South Ribble Council has rolled out a new crackdown on gambling after members of the Council’s licensing committee shared their concerns about the rising number of problem gamblers in the region.
The Chair of the Licensing Act Committee at South Ribble Council, Barbara Nathan, explained that despite the fact that some gambling issues required nationwide changes rather than action on a local level, the Council was remaining focused on keeping gambling-related harm away from South Ribble residents. Ms Nathan further shared that the ongoing gambling crisis is “crippling” bank balances and also has a serious influence on local people’s lives.

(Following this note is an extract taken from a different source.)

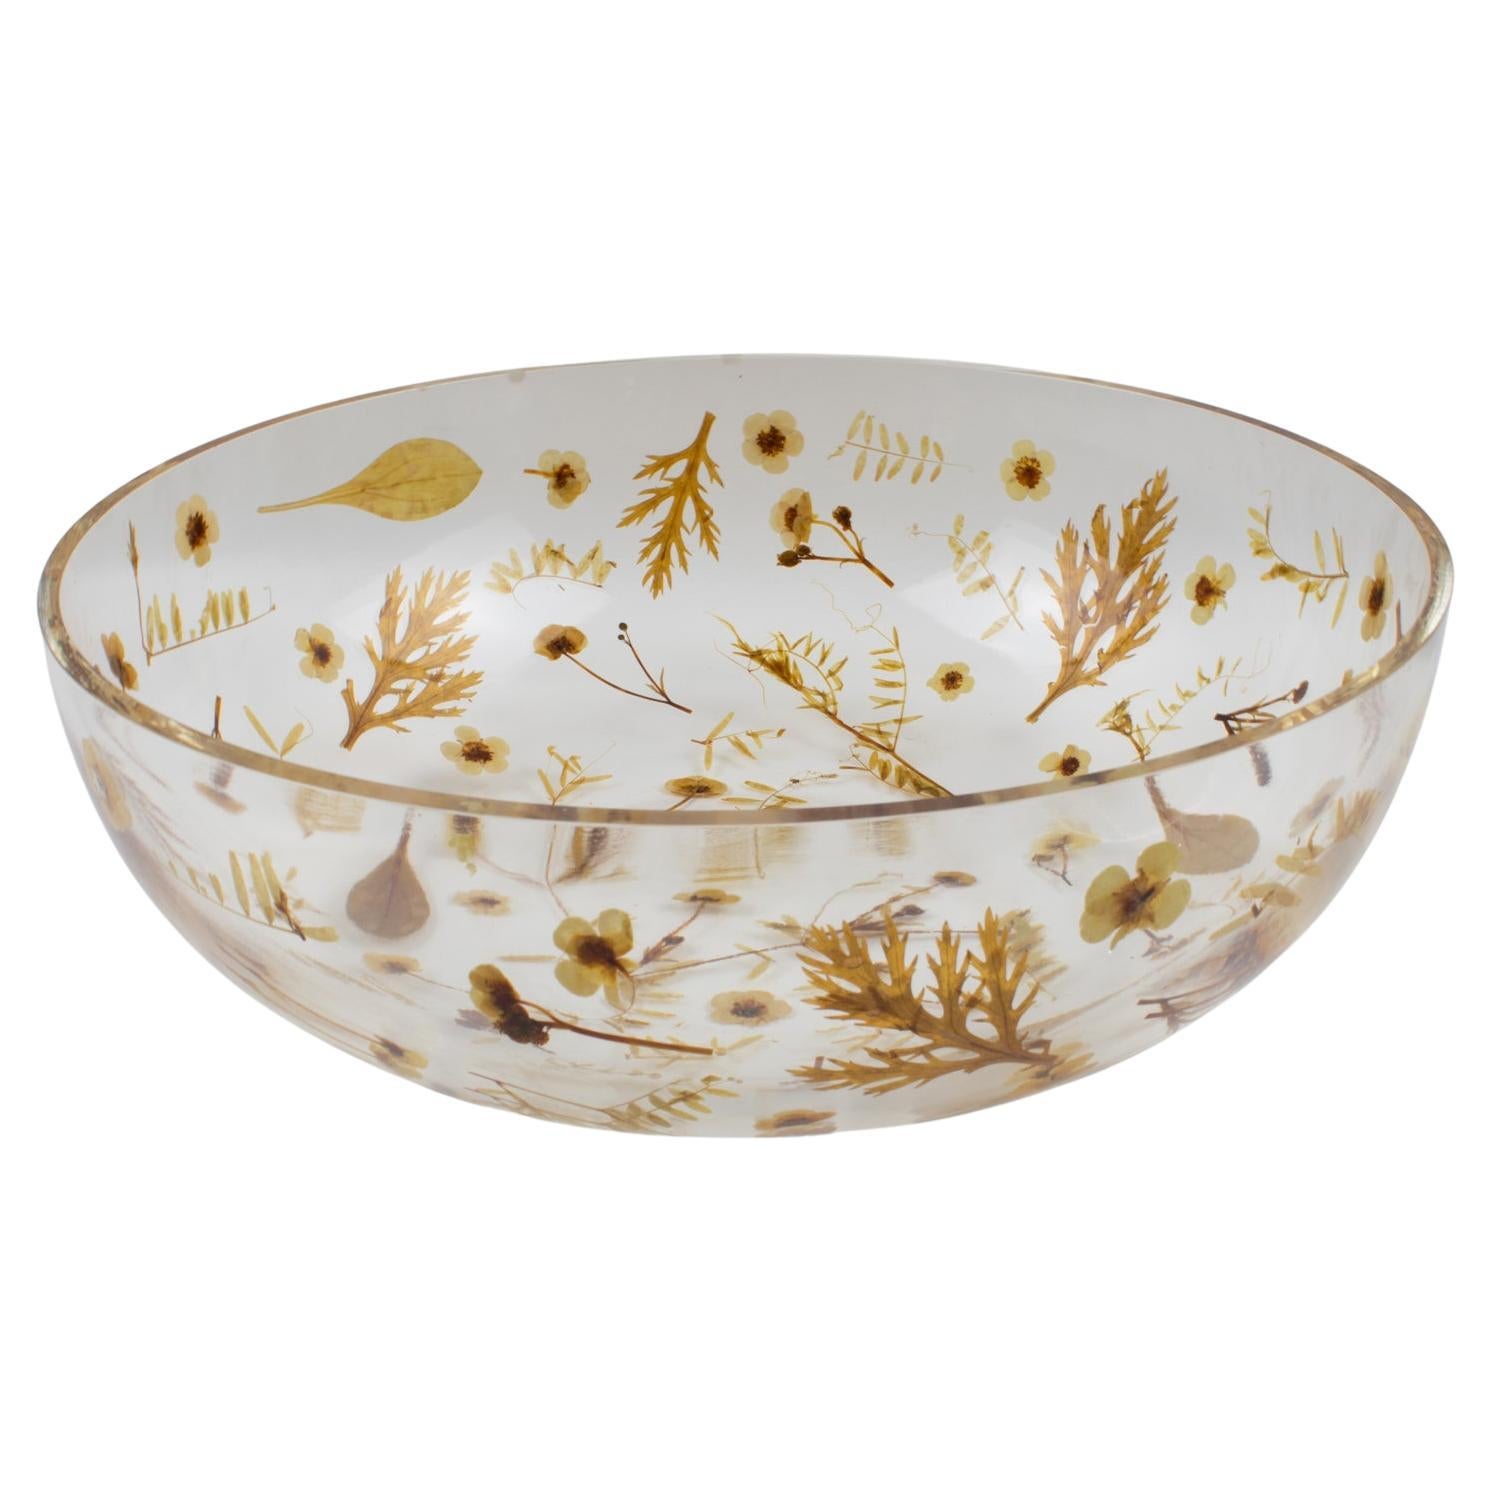 Italian Resin Bowl Centerpiece with Leaves and Flowers Inclusions, 1970s

As part of the measures which local authorities have taken in order to tackle gambling addiction among South Ribble’s residents, Blackburn Rovers F.C. and Preston North End F.C. were officially requested to remove all gambling advertising materials on the pitch. The District Council has also urged the Government to take further measures in order to prevent 16-year-old individuals from purchasing scratchcards. It is also planning to work in collaboration with Lancashire County Council to impose certain restrictions on people getting involved with online gambling.

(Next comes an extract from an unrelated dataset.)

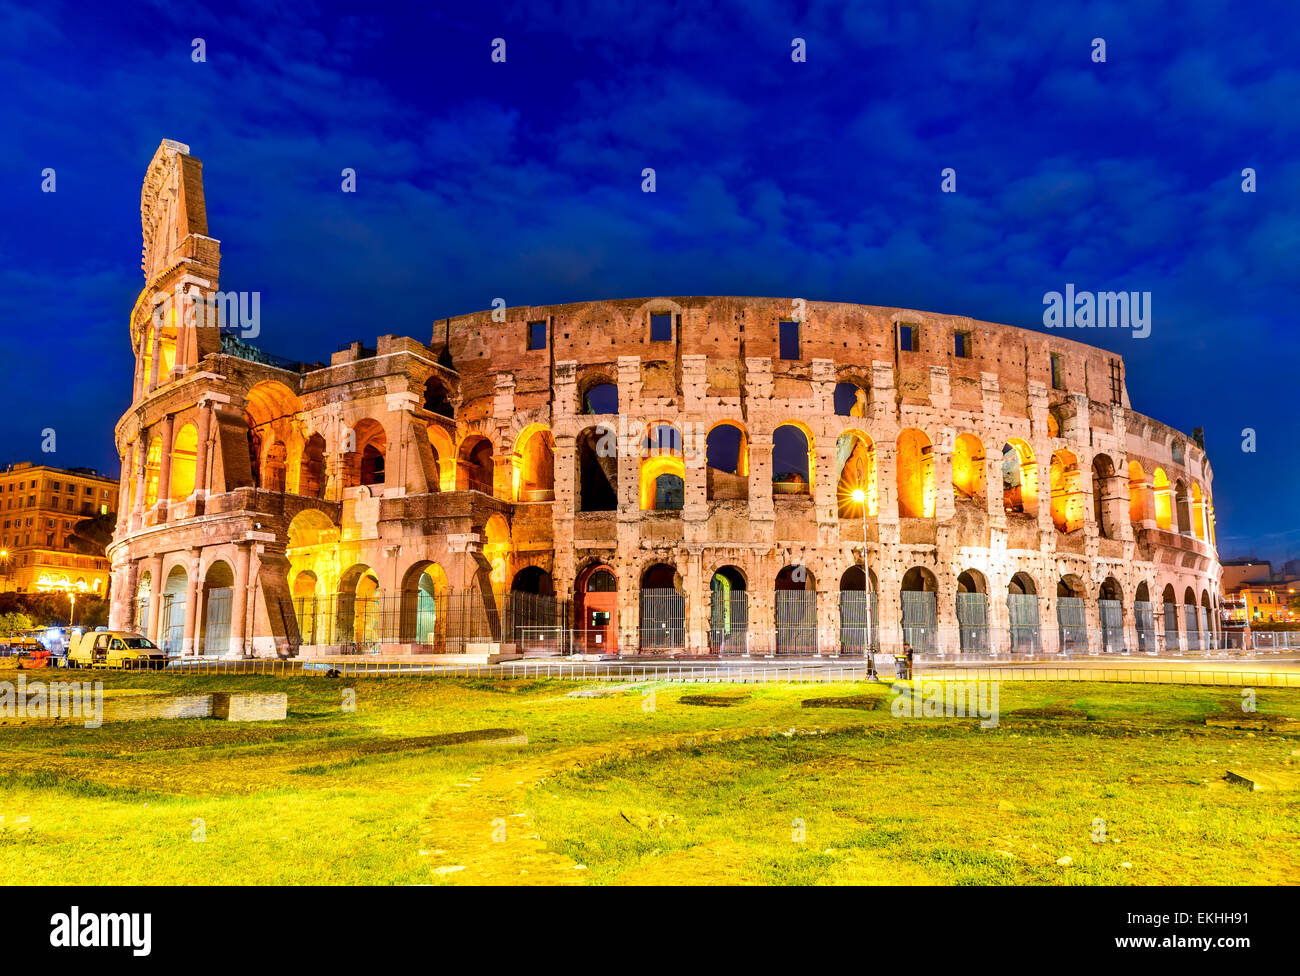 Colosseum, Rome, Italy. Twilight view of Colosseo in Rome, elliptical largest amphitheatre of Roman Empire ancient civilization. Stock Photo

The local authorities have decided to impose further regulatory measures after a new research commissioned by the UK Gambling Commission (UKGC) showed that 7% of the children between 11 and 16 years of age who had seen gambling advertising or gambling company as sponsor of a sports club confirmed that this had pushed them to gamble without them otherwise planning to do so.
More Minors Get Hooked after Being Exposed to Gambling Ads
According to the Licensing Act Committee’s boss, the local community needed to see increased awareness and change in attitudes towards the possible harm that could be inflicted by gambling. This is why the Committee pledged to continue advocating tougher rules and stricter enforcement.
South Ribble has become the first council in the borough of Central Lancashire which has started taking such measures in order to deal with gambling-related harm and especially with the rising gambling addiction rates. It is also the first one in the region which decided to carry out stop checks for unlawful underage gambling.
The latest annual research of the UKGC which was set to explore gambling behaviour among young individuals in the UK was issued in November 2018. According to the results of the survey, 14% of the children between 11 and 16 years had spent their own money on gambling in the week preceding the research – a result, which showed a 2% increase in these children number compared to the one reported in 2017.
As Casino Guardian reported earlier, the UKGC revealed that the most common gambling activities which involved underage individuals were placing private bets among friends, buying scratchcards of the National Lottery, placing money on so-called fruit machines in arcades, clubs or pubs and playing cards for money with friends.
What is even more concerning is the fact that more than half of children (66%) had become interested in gambling after seeing TV gambling ads. Gambling advertising on social media had influenced 59% of the children, pushing them to make a bet. There was also a significant number of minors who got oriented to betting after seeing a gambling company as a sponsor of their favourite sports team.